The question of how the school year length affects academic outcomes is important for many stakeholders, including policymakers and school principals. Instruction time is the primary input for the formation of human capital and has been a central element in several education reforms. OECD emphasizes the essential role of instruction time in improving the quality and quantity of education outcomes.

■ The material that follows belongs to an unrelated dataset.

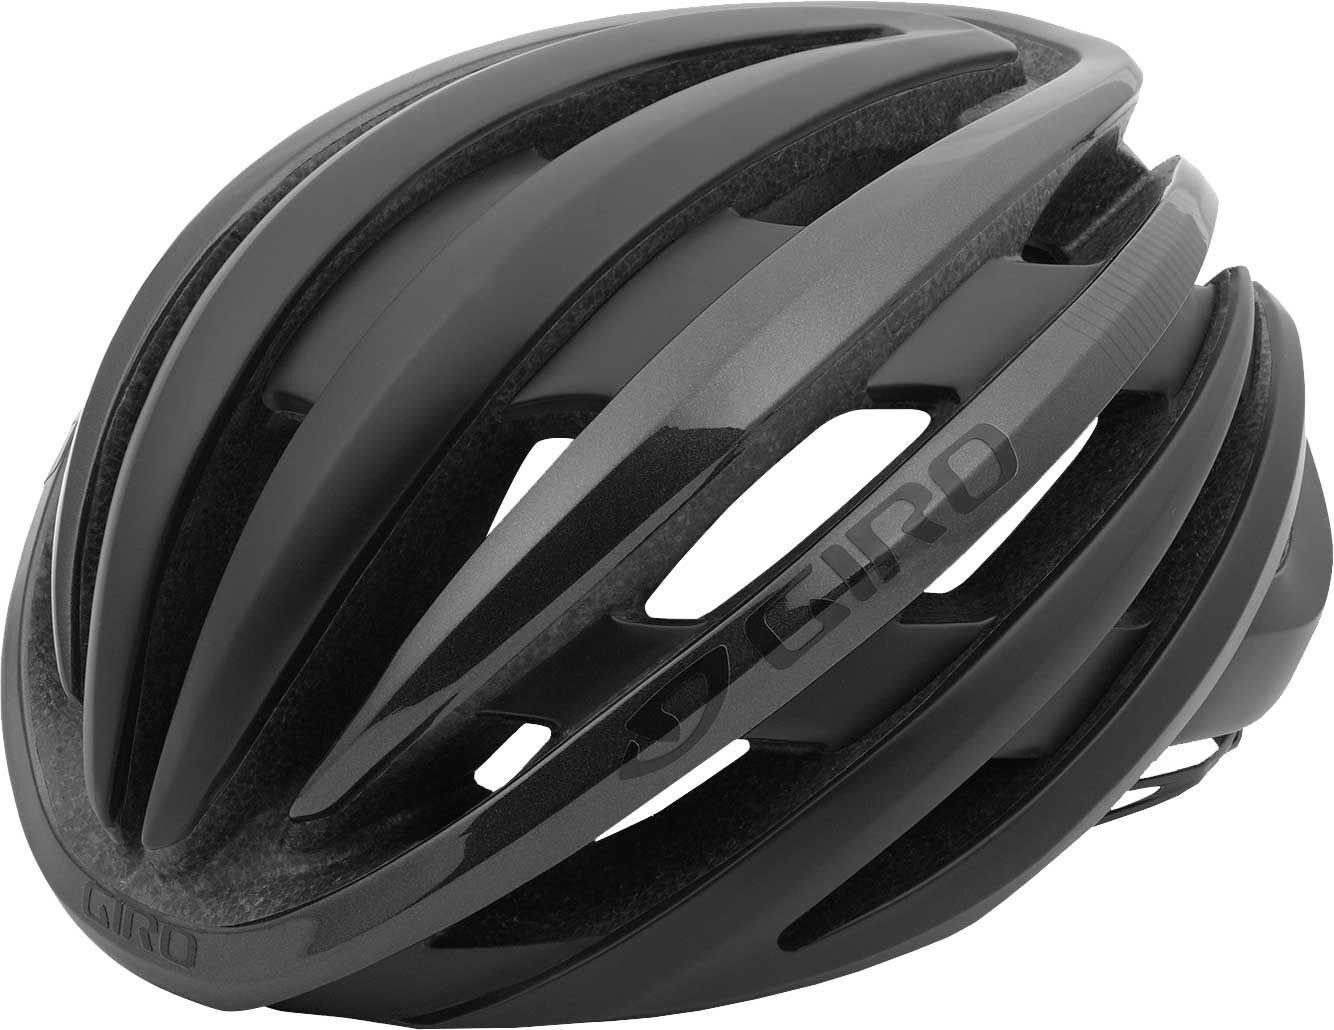 Photos - Motorcycle Helmet Giro Adult Cinder MIPS Bike Helmet, Large, Black 17giracndrmpsxxxxdlt

The term length for primary and secondary school students differs markedly across countries. The 2021 OECD indicators show that children go to school, on average, 184 days per year. School lasts 175 days in Spain, 162 in France and 190 in the UK.

An unexpected reform affecting the term length of ninth-grade students in the Madrid region (the Comunidad de Madrid, as it is known locally) during the 2017/2018 school year is an interesting case do delve into. This reform changed the resit exams to an earlier date in June, reducing the total instruction time for students who had already passed these exams by around two weeks. Students with passing grades did not receive formal teaching but were involved in cultural activities. This reform also intended to allow families to have more accessible summer holiday breaks by eliminating resit exams in September.

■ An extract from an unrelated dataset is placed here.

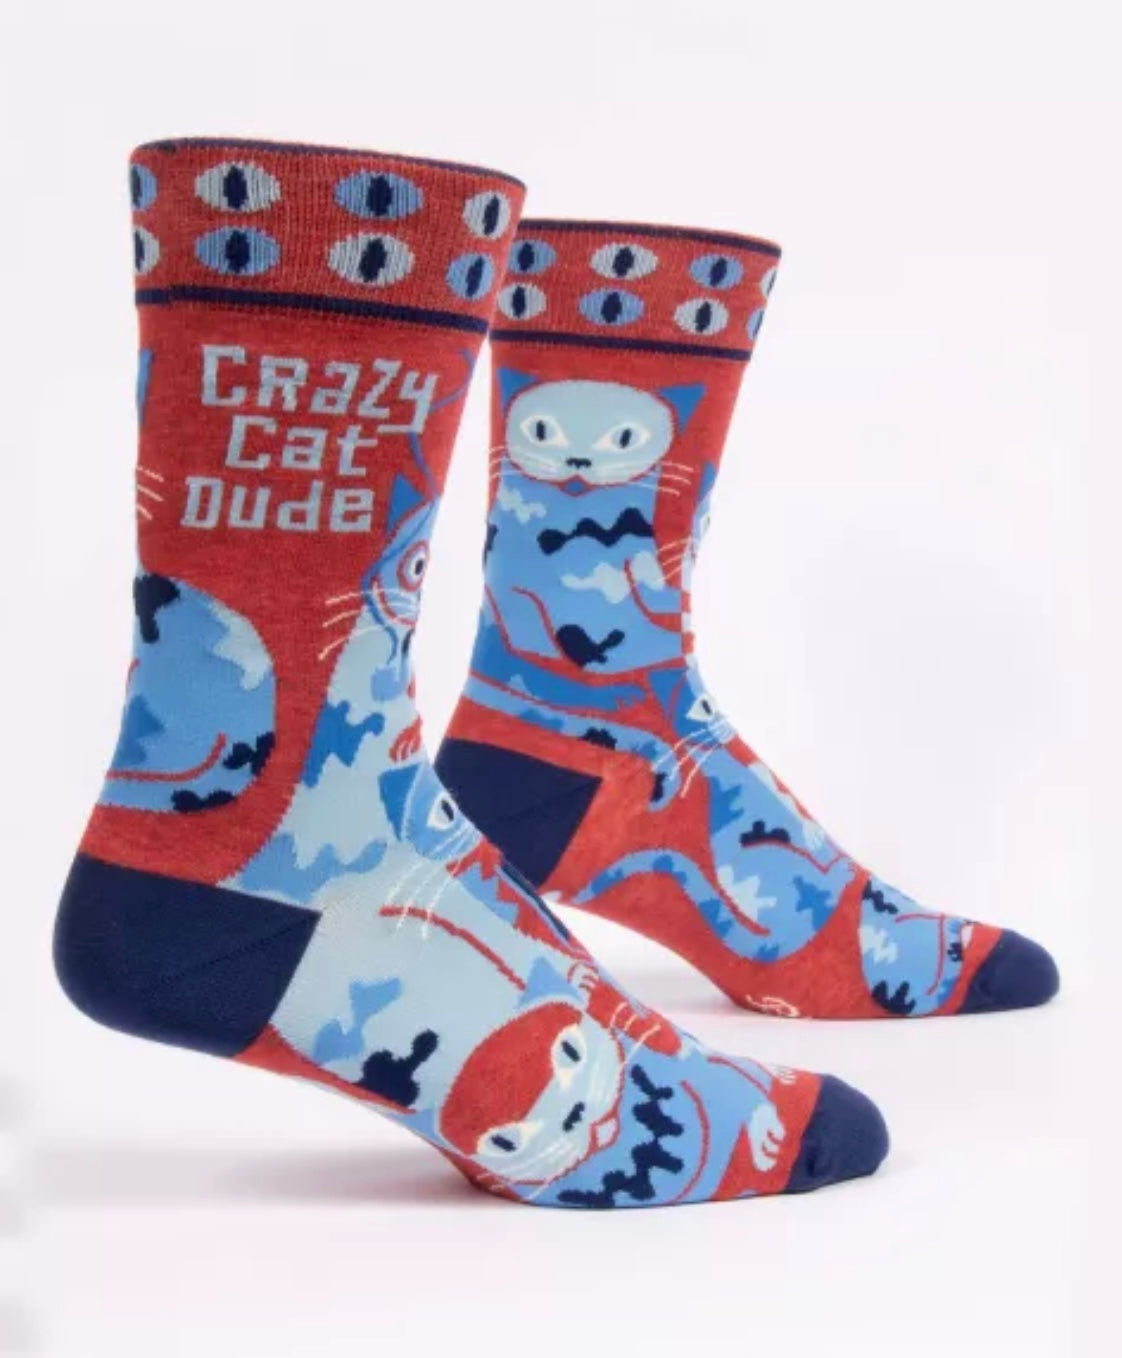 Crazy Cat Dude Men's Crew Novelty Blue Q Socks

The same measure was adopted in other Spanish regions such as the Basque Country, Navarra, La Rioja, and Cantabria and was subsequently extended to the entire country. But reducing two weeks of instruction negatively affected student performance, especially in Spanish and Math.  The results of PISA 2018 also blamed this reform for the unexpected negative scores obtained by these communities. The report explicitly noted that this negative “impact is larger on the results of the five subnational entities with early high-stakes exams”. Most notably, the top-performing students in public schools felt the brunt of this decision, causing the gap between them and their lagging peers to shrink.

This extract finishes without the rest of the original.